The concept of Dhikr, or Remembrance of God in Islam, is interpreted by various meditative techniques and became one of the essential elements of Sufism, or Islamic mysticism, in the 11th and 12th centuries.
In Sufism, thinking leads to knowledge, and its followers practiced control of breathing as well as incorporated the repetition of holy words.
Hesychasm was developed on Mount Athos, Greece, and involves the repetition of the Jesus Prayer. This form of meditation is still being practiced today.
Western Christian meditation progressed from the 6th century Bible reading among the Benedictine monks (Lectio Divina or “divine reading”) but did not involve the repetition of phrases, actions or specific body posture.
In the 12th century, monk Guigo II termed four formal steps in Latin: lectio, meditatio, oratio, and contemplatio, which interprets “read, ponder, pray, contemplate.”
In the 16th Century of Western Christian meditation, saints such as Ignatius of Loyola and Teresa of Avila were instrumental in its development.

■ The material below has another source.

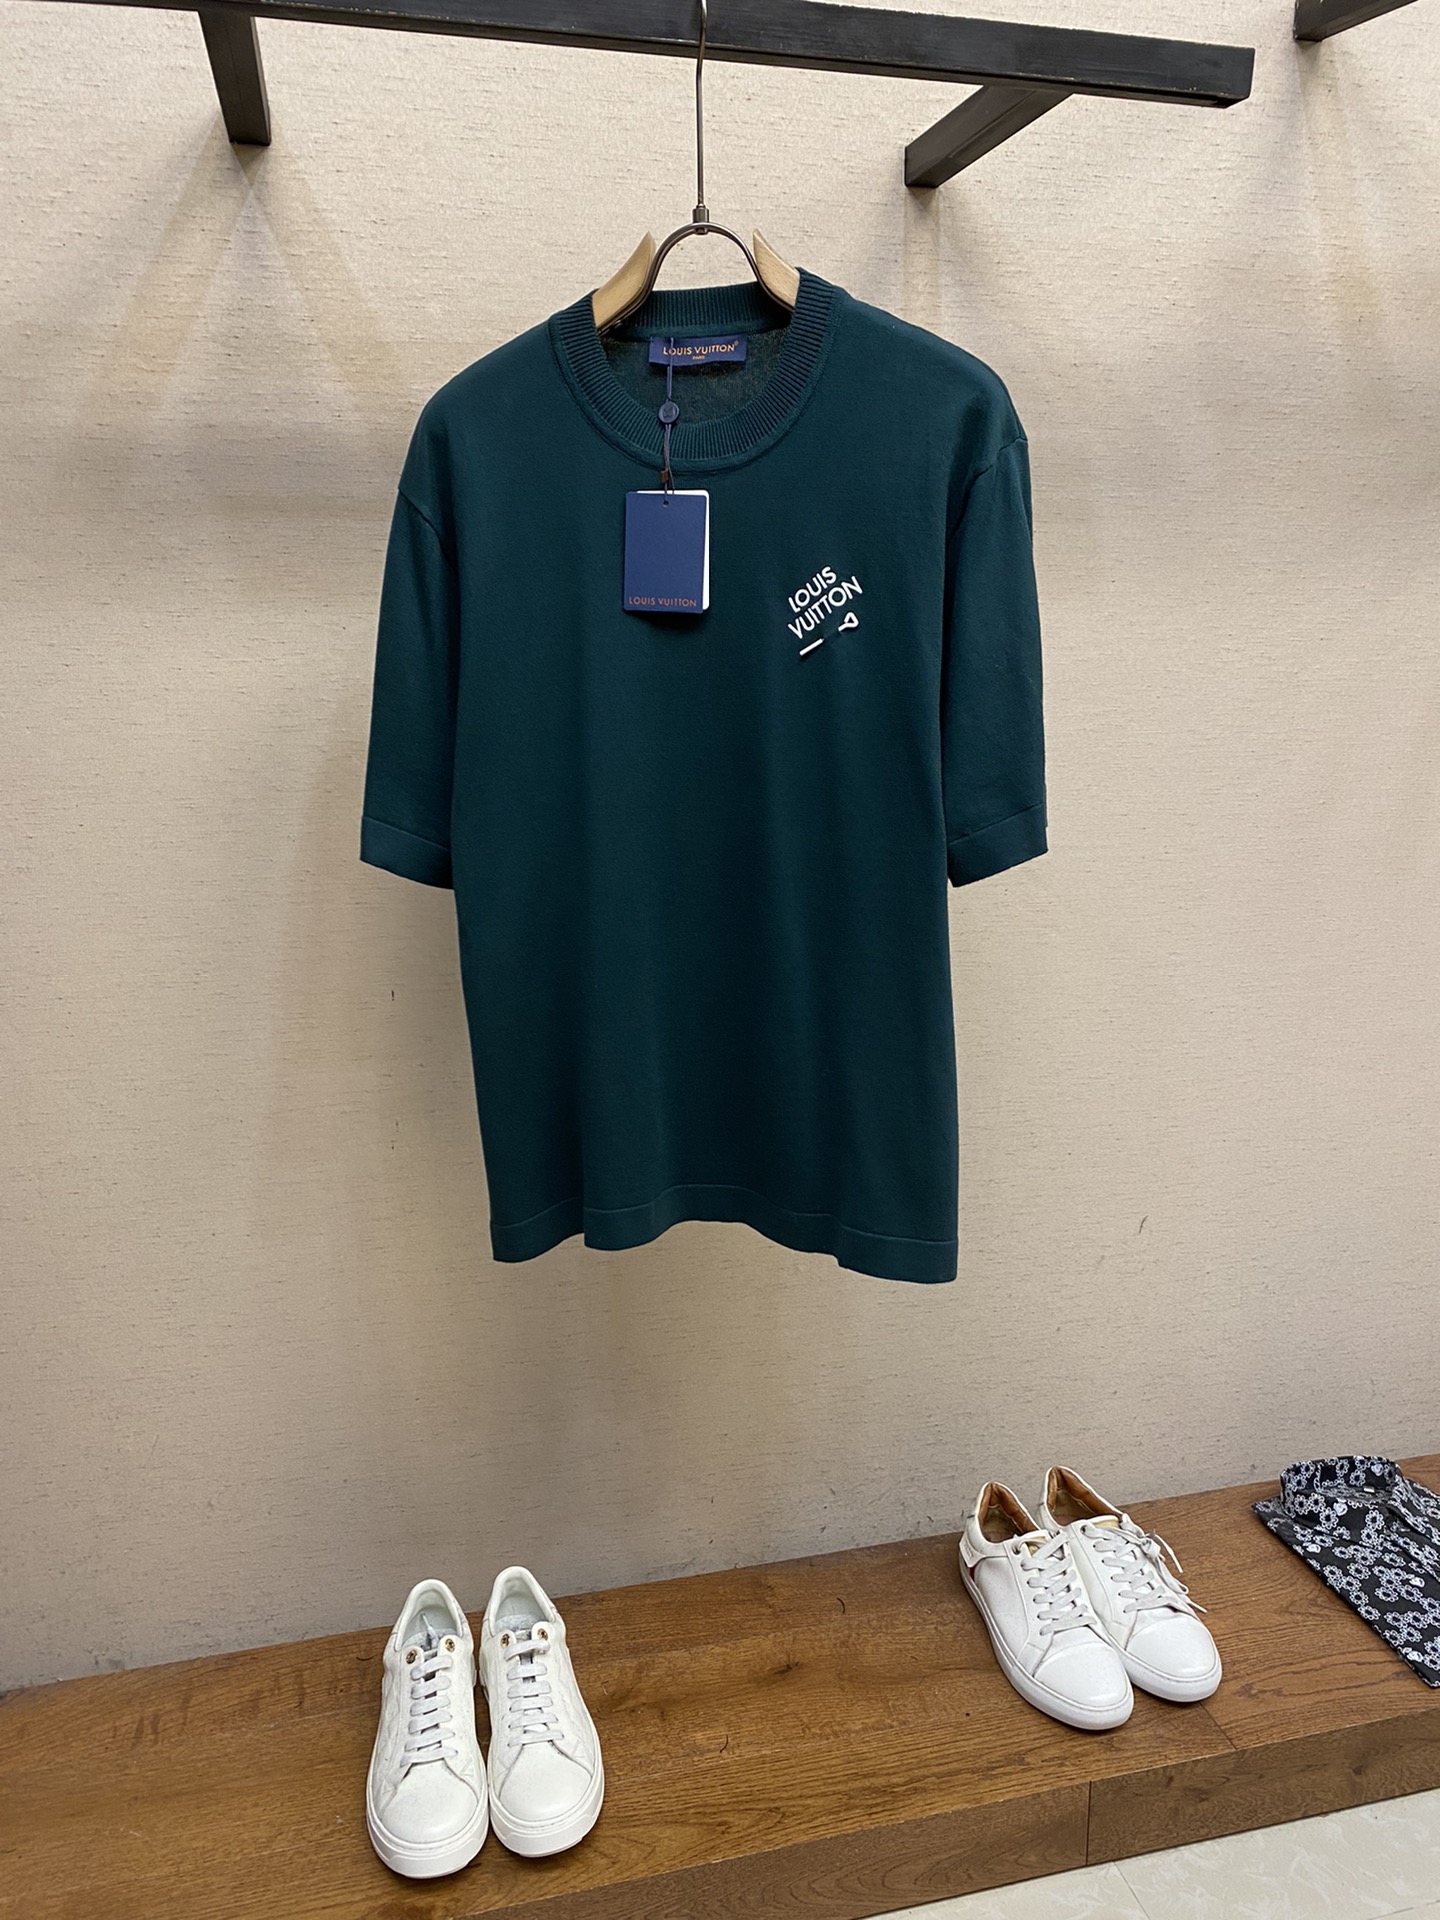 Louis Vuitton Clothing T-Shirt Blue Green Embroidery Cotton Knitting

By the 18th century, the study of Buddhism in the West was a topic mainly focused upon by intellectuals.
French philosopher Voltaire sought toleration towards the Buddhists.
The first English translation of the Tibetan Book of the Dead was published in 1927.

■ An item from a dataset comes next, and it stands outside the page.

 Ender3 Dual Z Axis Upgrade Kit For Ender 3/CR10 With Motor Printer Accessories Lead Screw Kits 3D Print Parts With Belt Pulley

Schools of yoga began forming in Hindu revivalism in the 1890’s.
Gurus began introducing yoga schools to the West. Some yoga schools were designed particularly as secularized variations of yoga traditions to be used by non-Hindus.
One example is the Transcendental Meditation system which began its popularity in the 1960s.
In addition, various forms of Hatha Yoga were developed from the Ashtanga Vinyasa Yoga school, and eventually became simply known as “Yoga” in the West.
Secular meditation emphasizes stress reduction, relaxation, and self-improvement more than the spiritual aspects, although both secular and spiritual forms of meditation have been heavily analyzed by scientific research.
Scientific studies increase as more studies confirm the benefits of meditation over the past 60 years.
With such diversified history concerning the subject and despite 4500 years of practice and study, the mechanism of meditation that provides health benefits remains unclear.
Research continues with current Clinical studies underway and additional studies scheduled to take place.